Эмма с завистью посмотрела на Питера, задремавшего на плече брата и мирно слюнявившего воротничок его рубашки.
Кроме семейства Тревелеров и Декстера, поздравить молодоженов приехали Тед Бодин, отец Джозеф, несколько руководителей «ТКС» и толпа приятелей Кенни из «Раустэбаута», развлекавших друг друга очередной серией побасенок о трудном детстве Кенни: об украденной работе по биологии, чьих-то новых кроссовках, закинутых на высоковольтные провода, брошенном в магазине малыше.
Эмма из последних сил боролась с защитными инстинктами, которые пробуждали в ней бесконечные злорадные повествования о человеке, во что бы то ни стало стремившемся к саморазрушению. В конце концов Кенни уже взрослый, и если не желает обороняться от нападок — что ж, дело его.
Они с разных сторон приблизились к торту; Уоррен поспешно взял Питера у Кенни и приветливо улыбнулся Эмме:
— Если не успел сказать раньше, повторю сейчас: добро пожаловать в нашу семью, леди Эмма. Я сам не смог бы найти для Кенни лучшей жены. — Он обратил к сыну молящий взгляд, в очередной раз больно ранивший Эмму. — Поздравляю, сынок. Я горжусь тобой.

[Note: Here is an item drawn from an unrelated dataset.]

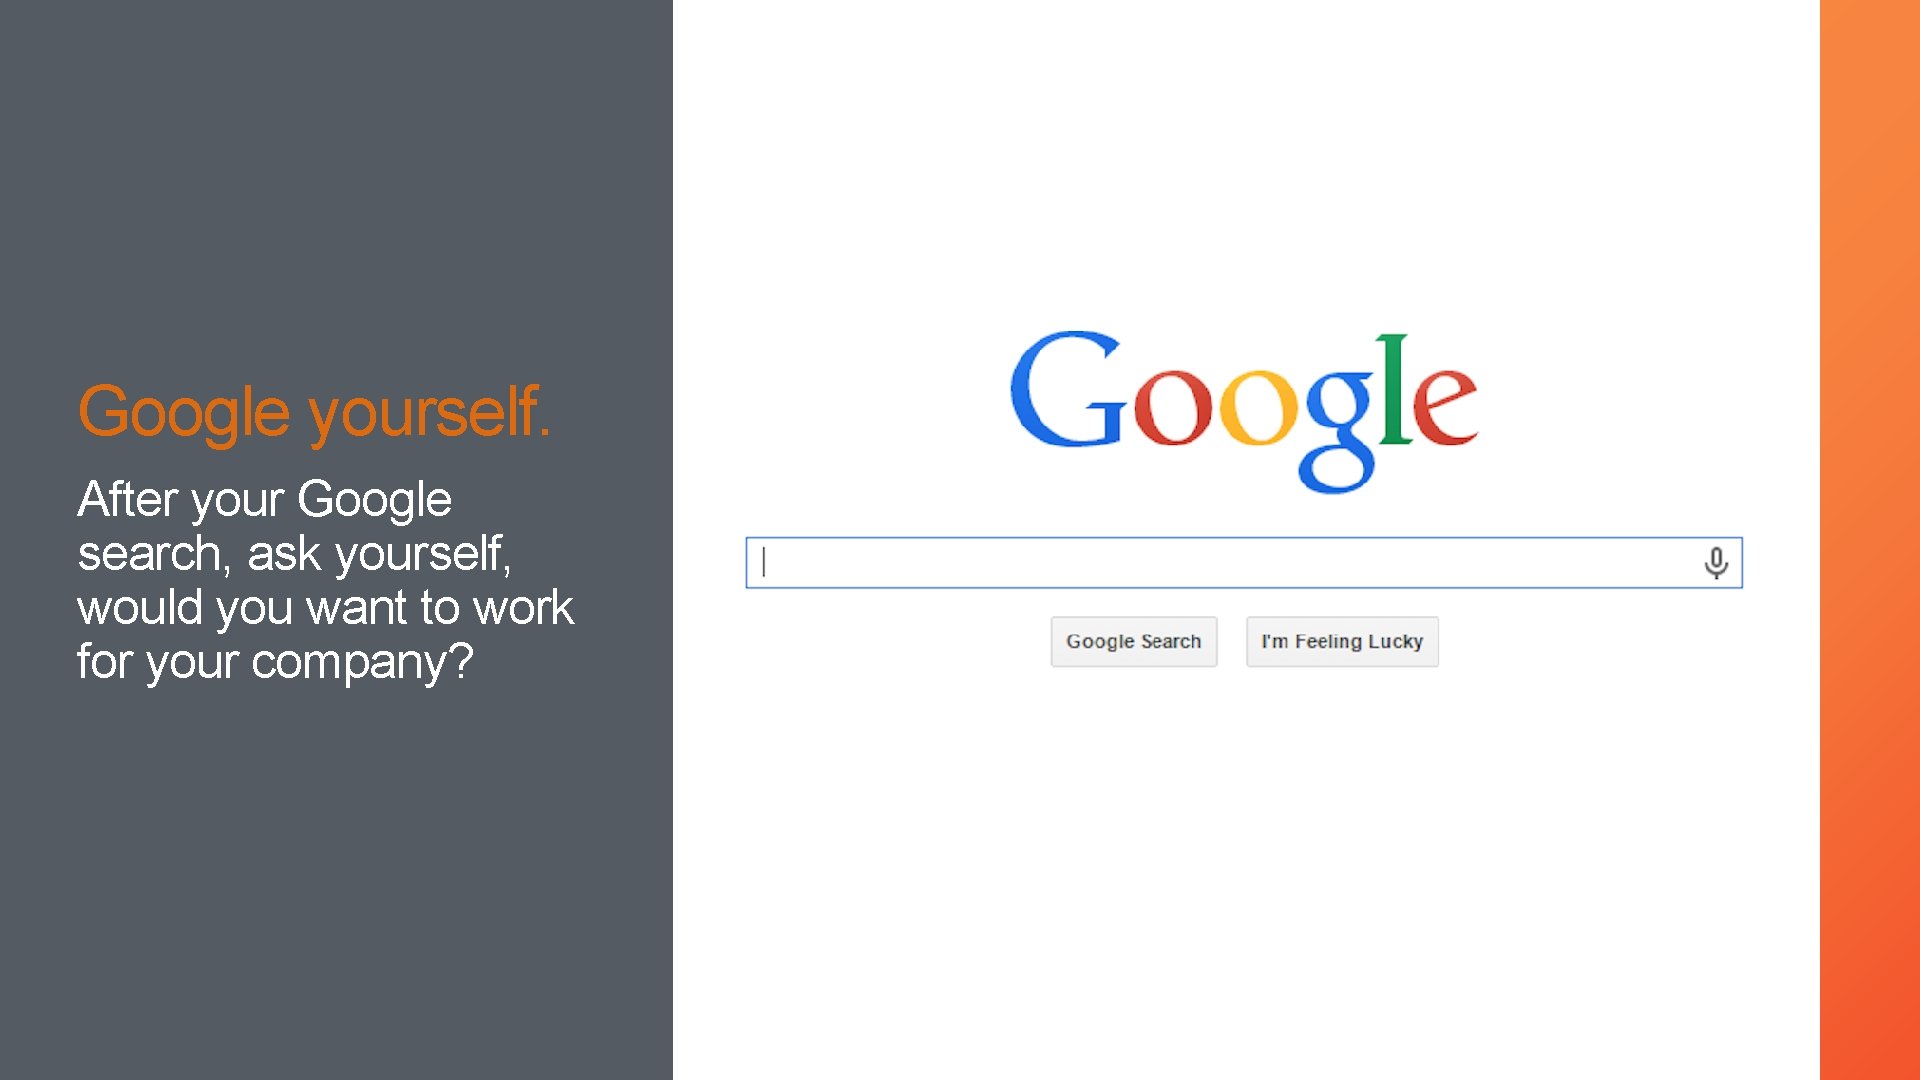 Google yourself. After your Google search, ask yourself, would you want to work for
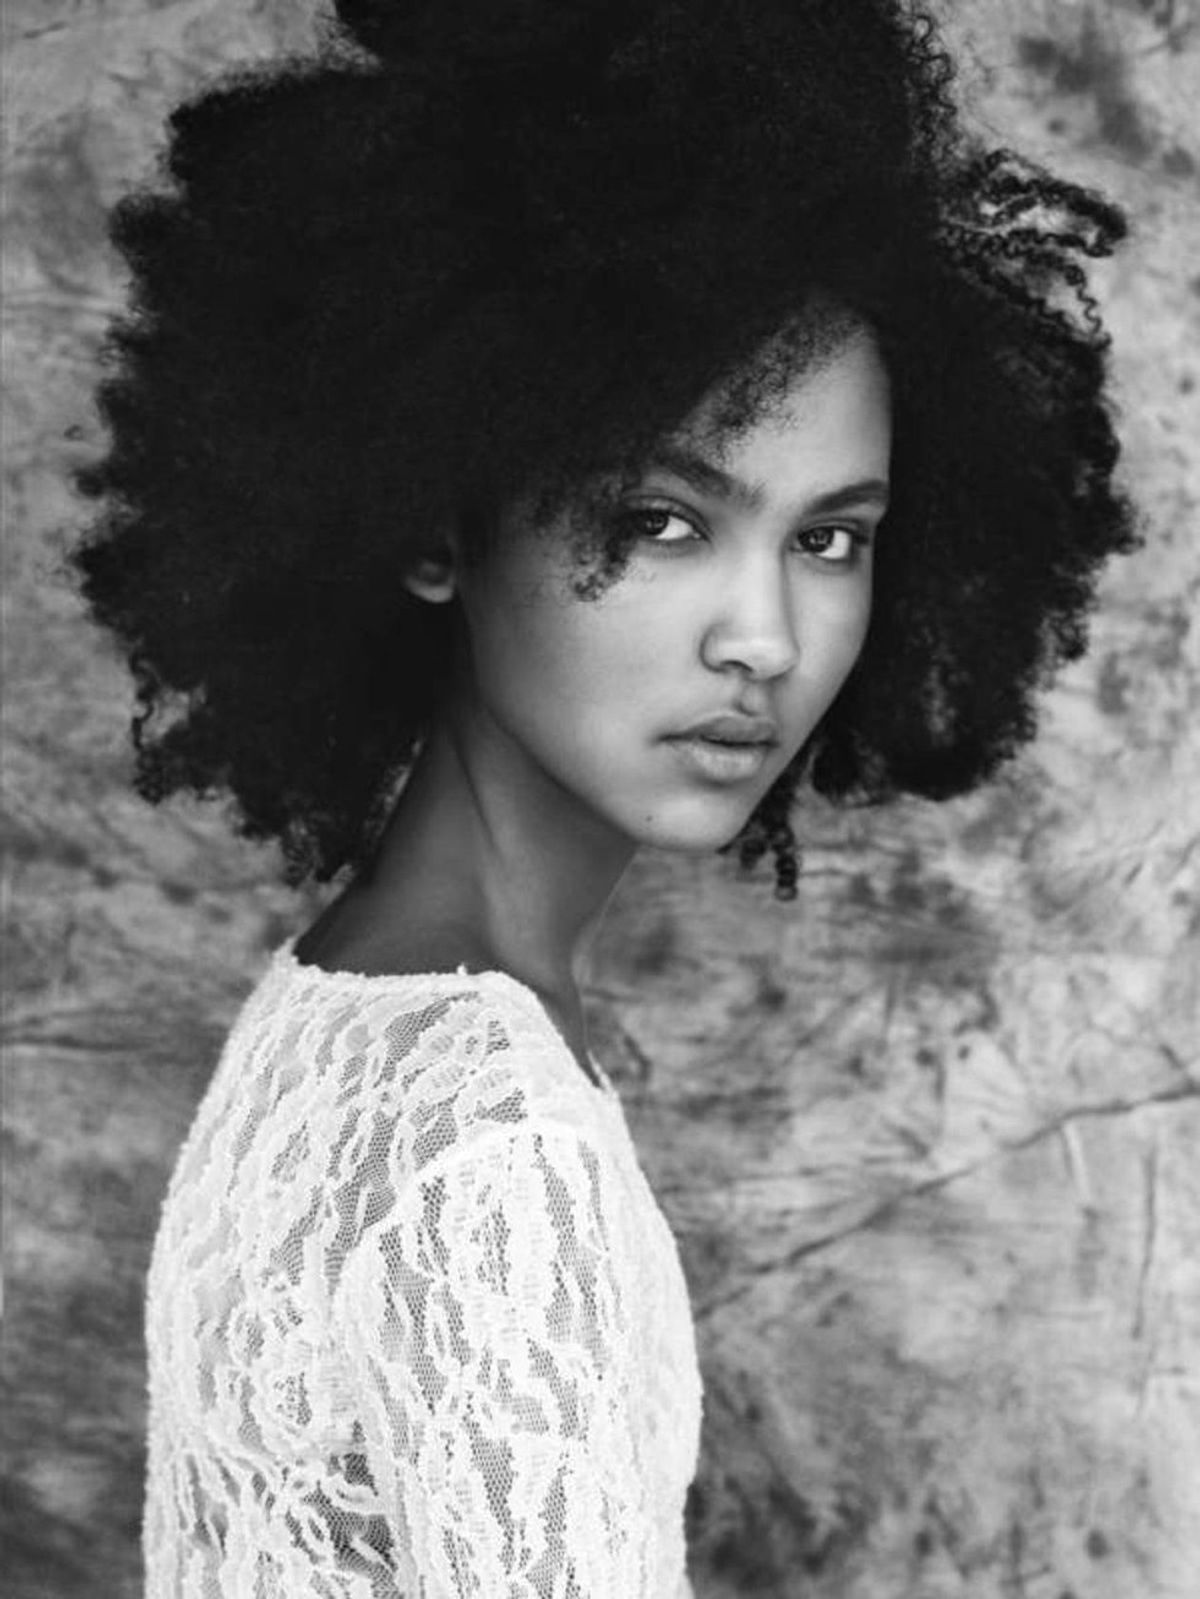 The Most Breathtaking Photos of Black Girls in Black and White

Кенни, небрежно кивнув, шагнул ближе к столу. Сердце Эммы разрывалось за обоих: за отца, умолявшего о прощении за старые грехи, и за сына, ненавидевшего отца за изувеченное детство.
Патрик вручил Эмме нож, украшенный красными, белыми и голубыми лентами.
— Скорее подходит патриоту-военному, чем невесте, — фыркнул он, — но времени придумать что-то более достойное не оставалось.
Эмма благодарно улыбнулась ему и уставилась на руку Кенни, лежавшую поверх ее пальцев, эту широкую загорелую ладонь, совсем закрывшую ее собственную, маленькую и белую. При виде их соединенных рук на ее глазах появились слезы. Если бы только их сердца так же слились воедино!
Кенни глотнул вина и пошел выключать горевший на террасе свет. Леди Эмма удрала наверх в ту же минуту, когда за последним из гостей закрылась дверь, и вовсе не потому, что спешила прыгнуть в его постель. Нет, она уединилась в своей комнате. Интересно, зайдет она так далеко, чтобы запереться? Вряд ли. Положится на его честь.
Его честь. Непоправимо замаранная в глазах публики. Но ничто не могло заставить его пожалеть о трепке, заданной Хью Холройду.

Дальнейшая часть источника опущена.